Leveraging large language models on free-text symptoms from participatory surveillance enhances pertussis forecasting in the United States
摘要
Declines in childhood vaccination in the U.S. have contributed to a resurgence of vaccine-preventable diseases, including a notable increase in pertussis cases. Traditional pertussis surveillance is limited by underdiagnosis and underreporting. Participatory surveillance systems such as Outbreaks Near Me (ONM) provide an additional population-level data stream by capturing self-reported symptoms. Although pertussis signals are difficult to detect due to low incidence and symptom overlap with other infections, ONM collects free-text descriptions that may contain pertussis-specific information. Advances in large language models (LLMs) enable the extraction of relevant signals from unstructured text to potentially improve forecasting.
MethodsWe analyzed U.S. pertussis case data from the CDC and ONM reports from 2022 to 2025. ONM reports were filtered for prolonged cough without alternative diagnoses and further refined using a two-step GPT-4-based pipeline that summarized participant reports and excluded cases inconsistent with pertussis to enhance case specificity. Three datasets were created: CDC-only cases, CDC and ONM filtered cases, and CDC and ONM cases post-LLM processing. Aggregated time series were split into a training set (2022–2024) and a test set (2025, first 7 months). We trained multiple forecasting models (ARIMA, XG-Boost, and linear regression) on the 2022–2024 data, first using CDC-only data to establish a baseline. The best-performing model was then applied to the two datasets, incorporating the ONM participatory data. Performance was evaluated using Mean Absolute Error (MAE).

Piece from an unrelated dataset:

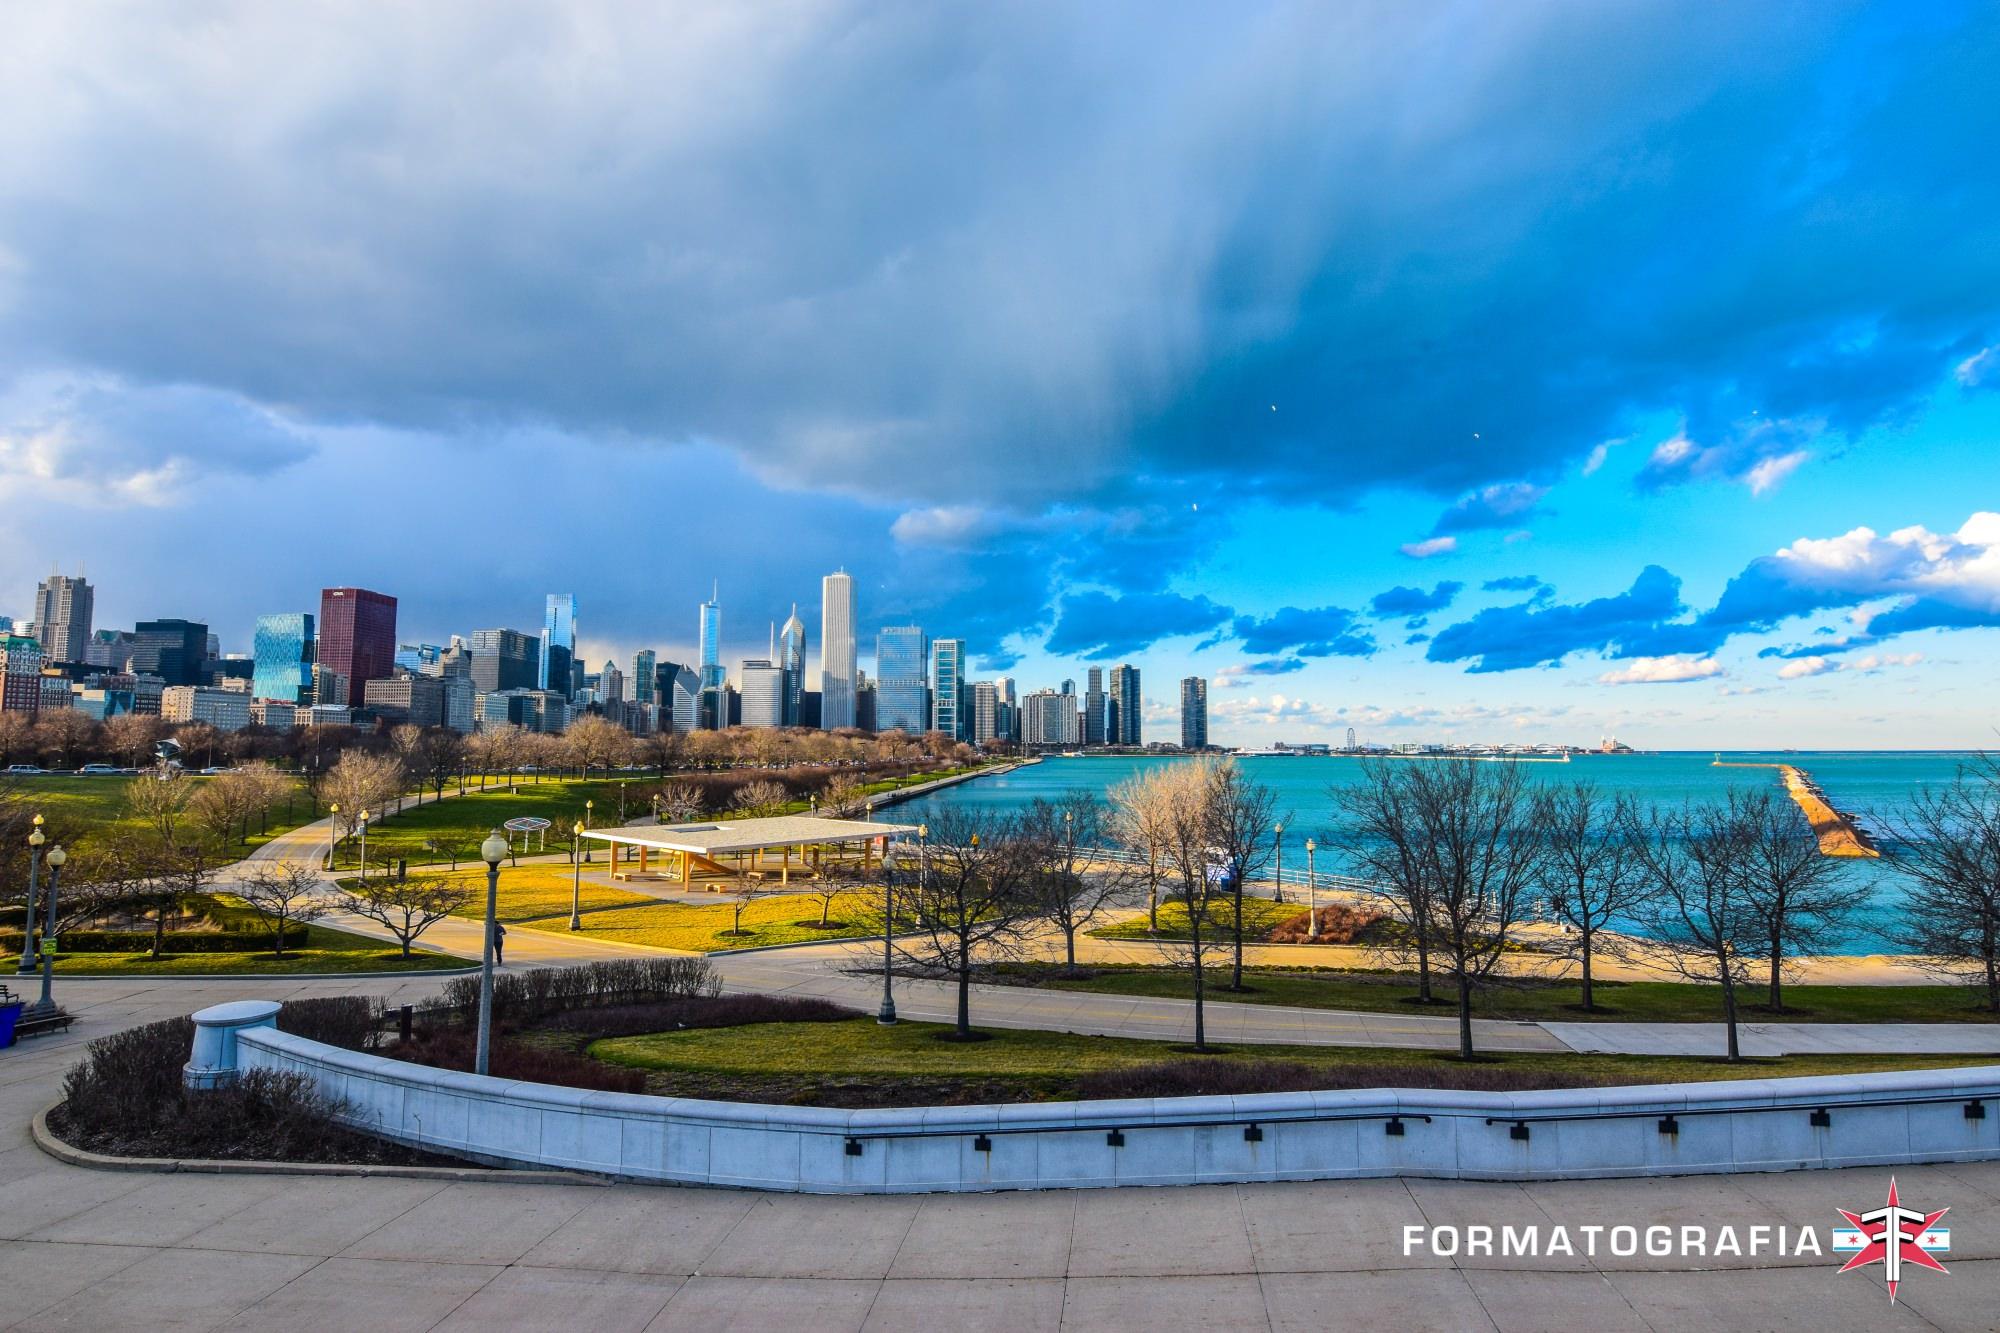 eric formato chicago photographer fall update city architecture shots20160316-DSC_0582.jpg

ResultsCDC-reported pertussis cases totaled 862 in 2022, 2,512 in 2023, 11,276 in 2024, and 5,937 in the first seven months of 2025. Of 2,741 ONM-suspected cases, 957 remained after LLM refinement. XGBoost yielded the best baseline performance (MAE 26.65). Incorporating ONM data improved performance: MAE decreased to 25.60 with filtered ONM cases and 24.69 with LLM-processed cases.
ConclusionsIntegrating LLM-processing of participatory surveillance data with traditional surveillance enhances the accuracy of pertussis outbreak forecasting. This approach introduces a novel way to leverage free-text data, offering a promising pathway to augment traditional public health surveillance systems.